Anyone who took a few humanities or social science courses in college probably dealt with professors, highly educated people, who were dismissive in word or deed of views that opposed their own. These classes taught, through the arrogance of academia, how humans use education to justify an ideology instead of expanding an understanding of opposing views.

More than anything else the hubris of these academics taught the difference between knowledge and wisdom.

Which brings us to the MIT economics professor who has so thoroughly embarrassed himself and the Obama administration with his comments disparaging the intelligence of the American voter. Jonathan Gruber must be a smart man. You don’t graduate with a Ph.D. from Harvard and get a job on MIT’s faculty by being academically challenged.

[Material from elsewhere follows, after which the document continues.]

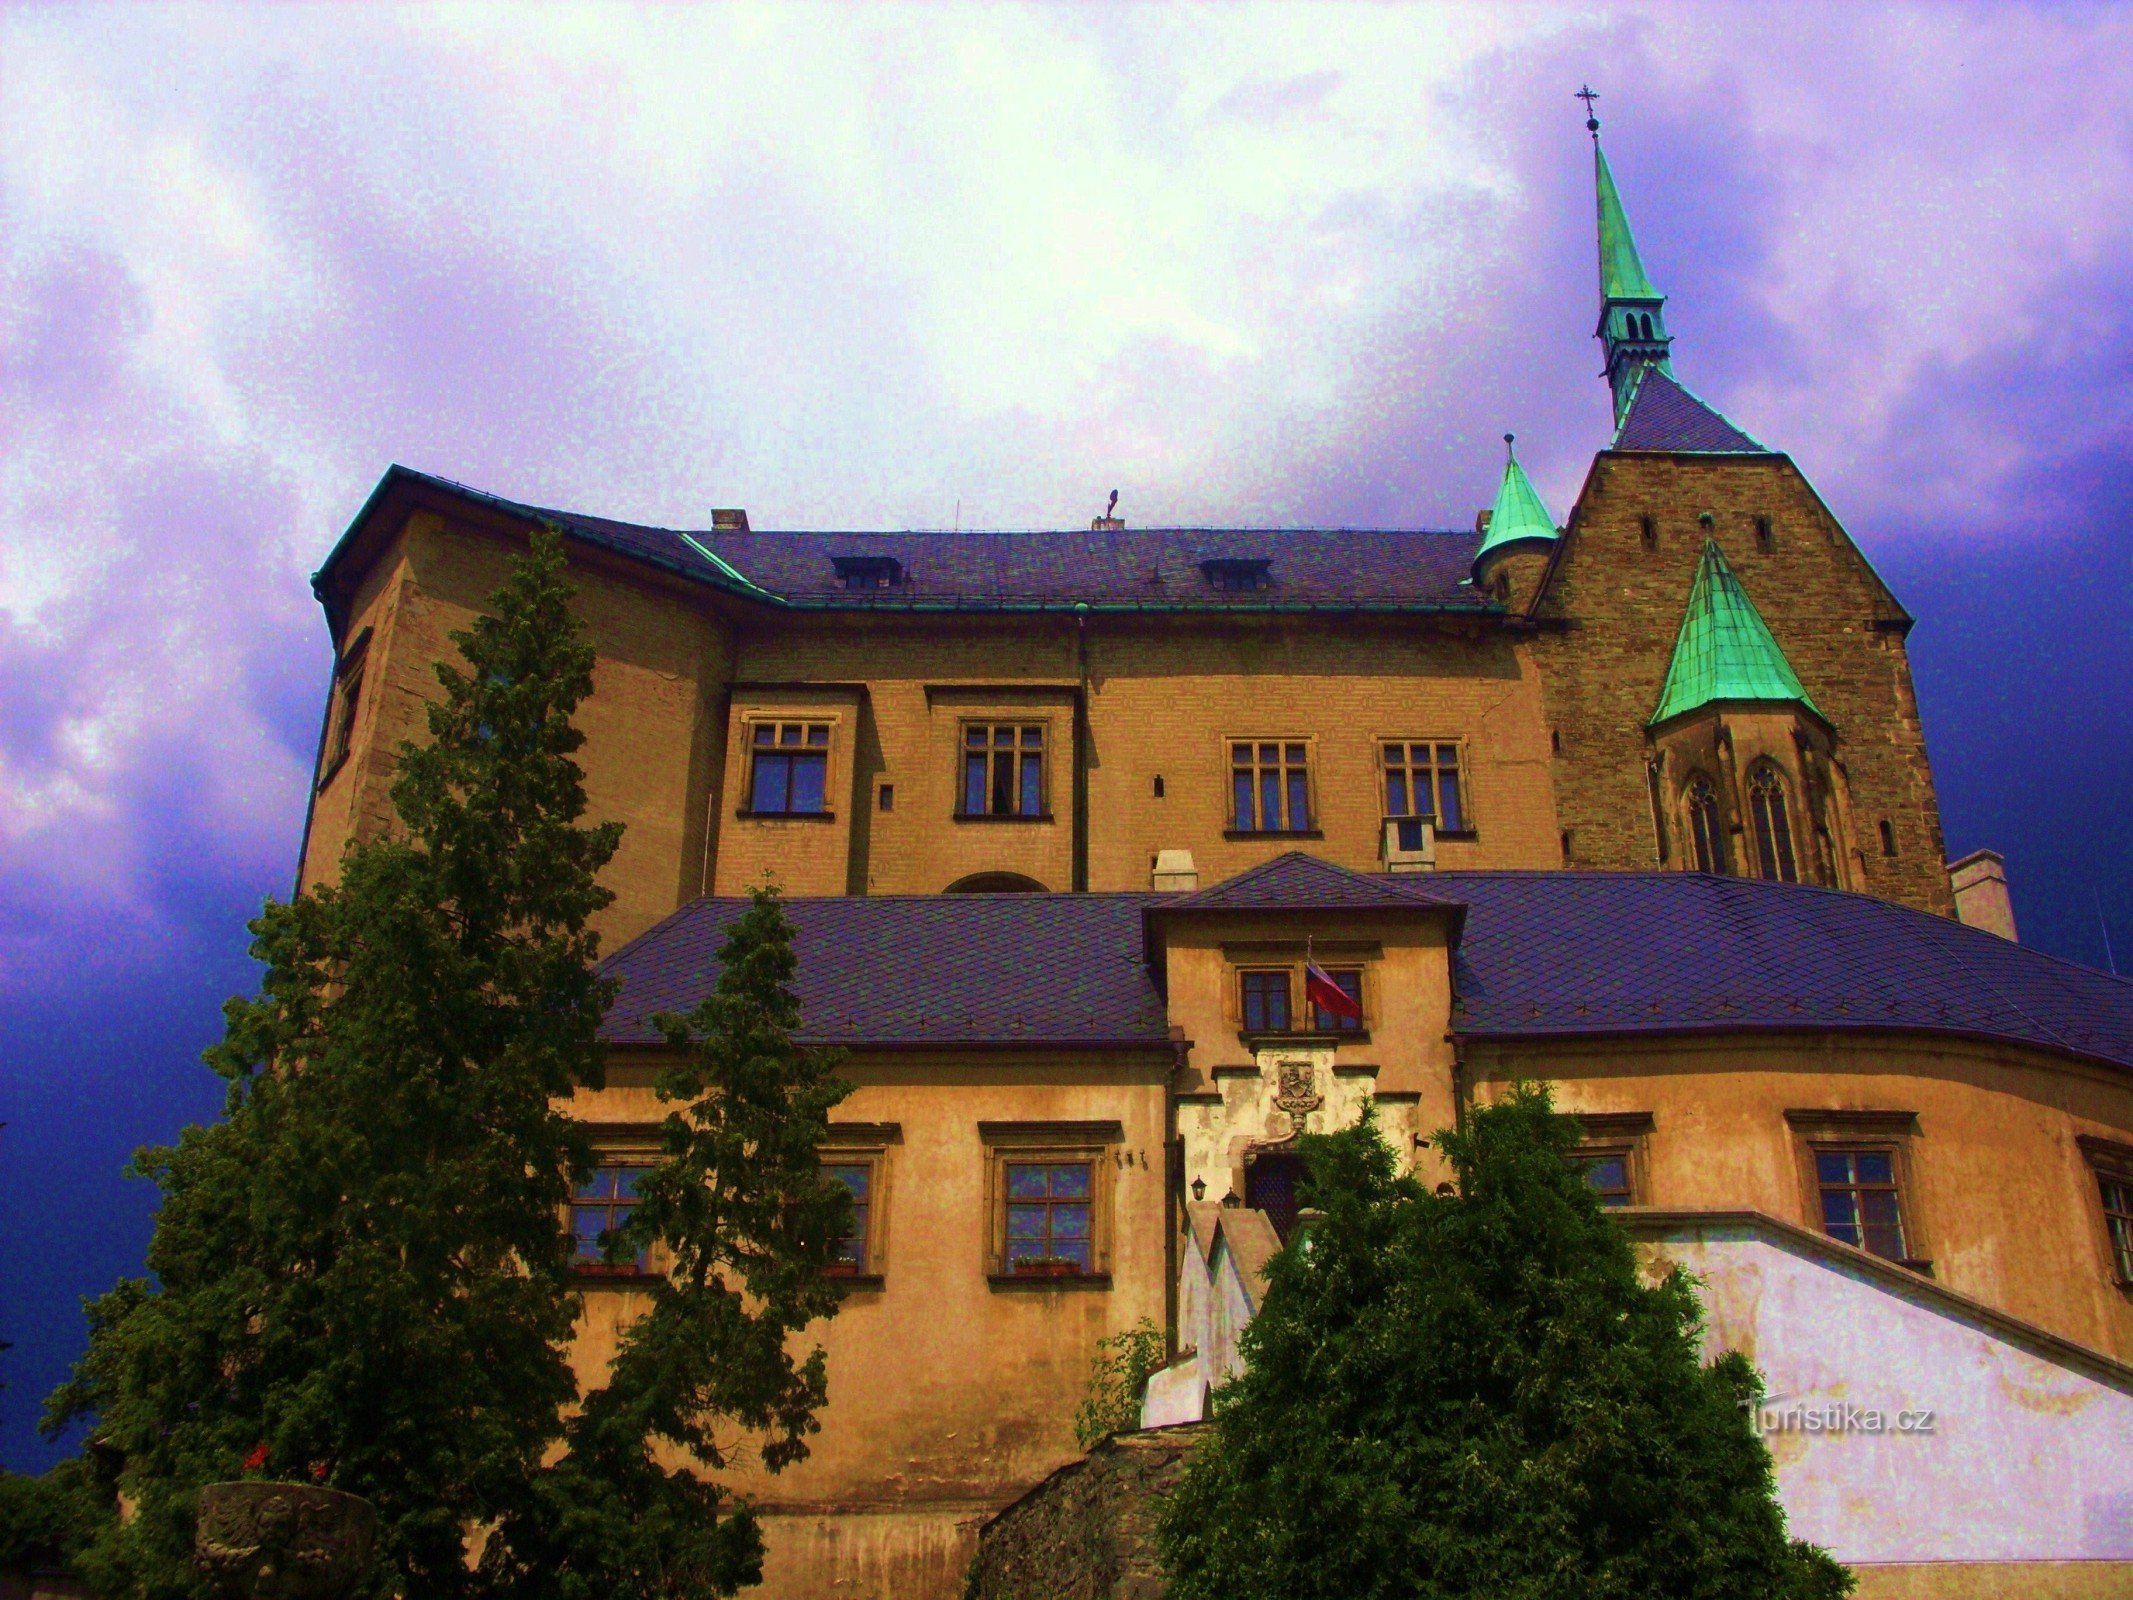 Zvijezda na brdu - dvorac Šternberk
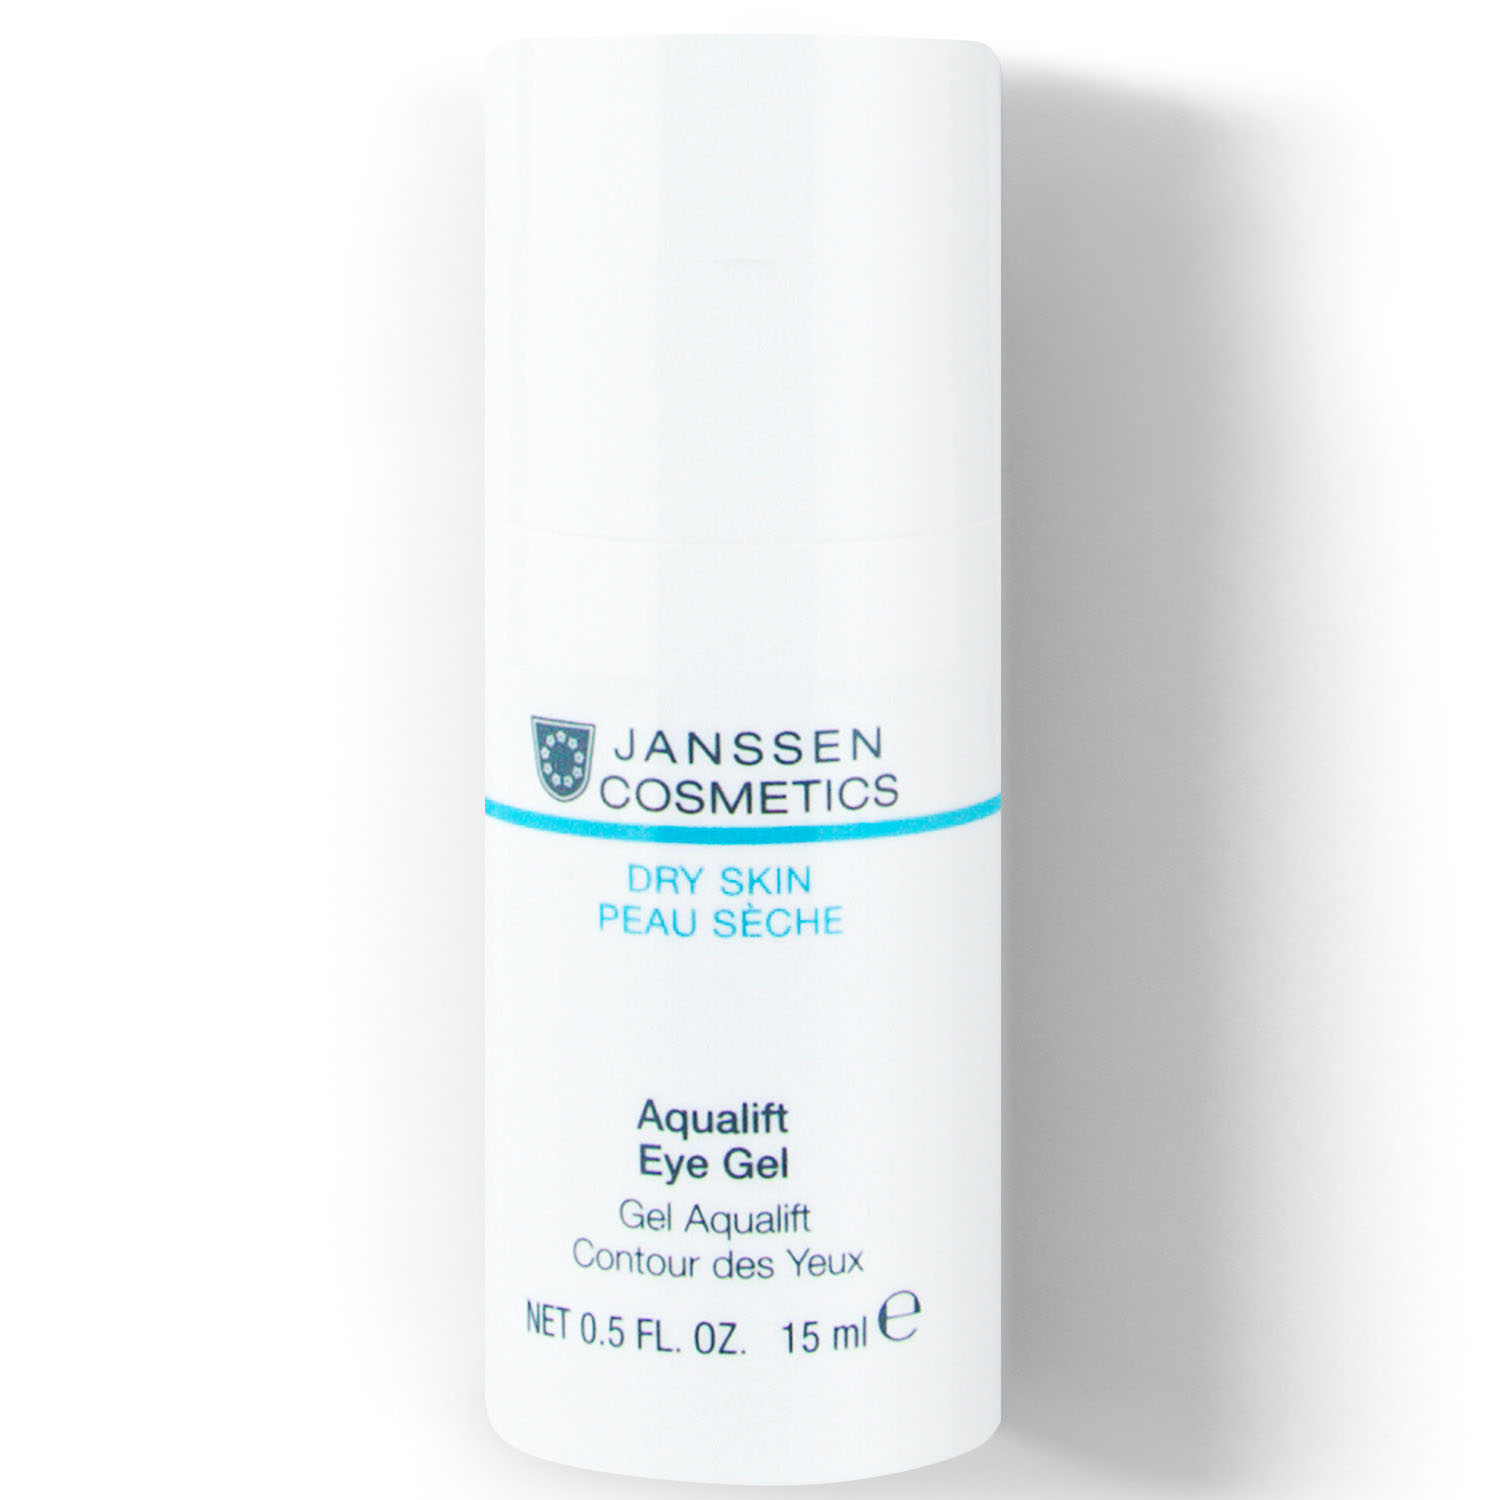 цена Janssen Cosmetics Ультраувлажняющий лифтинг-гель для контура глаз Aqualift Eye Gel, 15 мл (Janssen Cosmetics, Dry Skin)

How could someone who is evidently pretty bright talk about the “stupidity of the American voter” on camera? Moreover, why would he feel the need to repeatedly disparage the common people who stock the shelves, build the cars, police the streets, pay the taxes, fight the wars and support the bowling alleys? He comes off sounding – and come to think of it looking – like Waylon Smithers describing the “drones” who work in sector 7-G.


So often the hallmark of high intelligence is an arrogance-induced foolishness in which the sufferer dupes him- or herself into a dazed delusion of omnipotence. This is dangerous in anyone involved in government because it is such a short leap to justifying the means with the ends.

One need only look back to the Vietnam War to see where such hubris can lead. When John F. Kennedy was elected president in 1960 he brought in a youthful administration that included Robert McNamara, a Harvard MBA who ran the Department of Defense and war in Vietnam until 1968. McNamara was a very successful auto executive who advocated modern management techniques for the Pentagon.

These data-driven decision-making processes work very well in a highly defined process like building cars – McNamara ran Ford Motor Company – or even ordering military spare parts. A war, on the other hand, has far too many components that cannot be quantified. Placing a technocrat in charge is a recipe for disaster.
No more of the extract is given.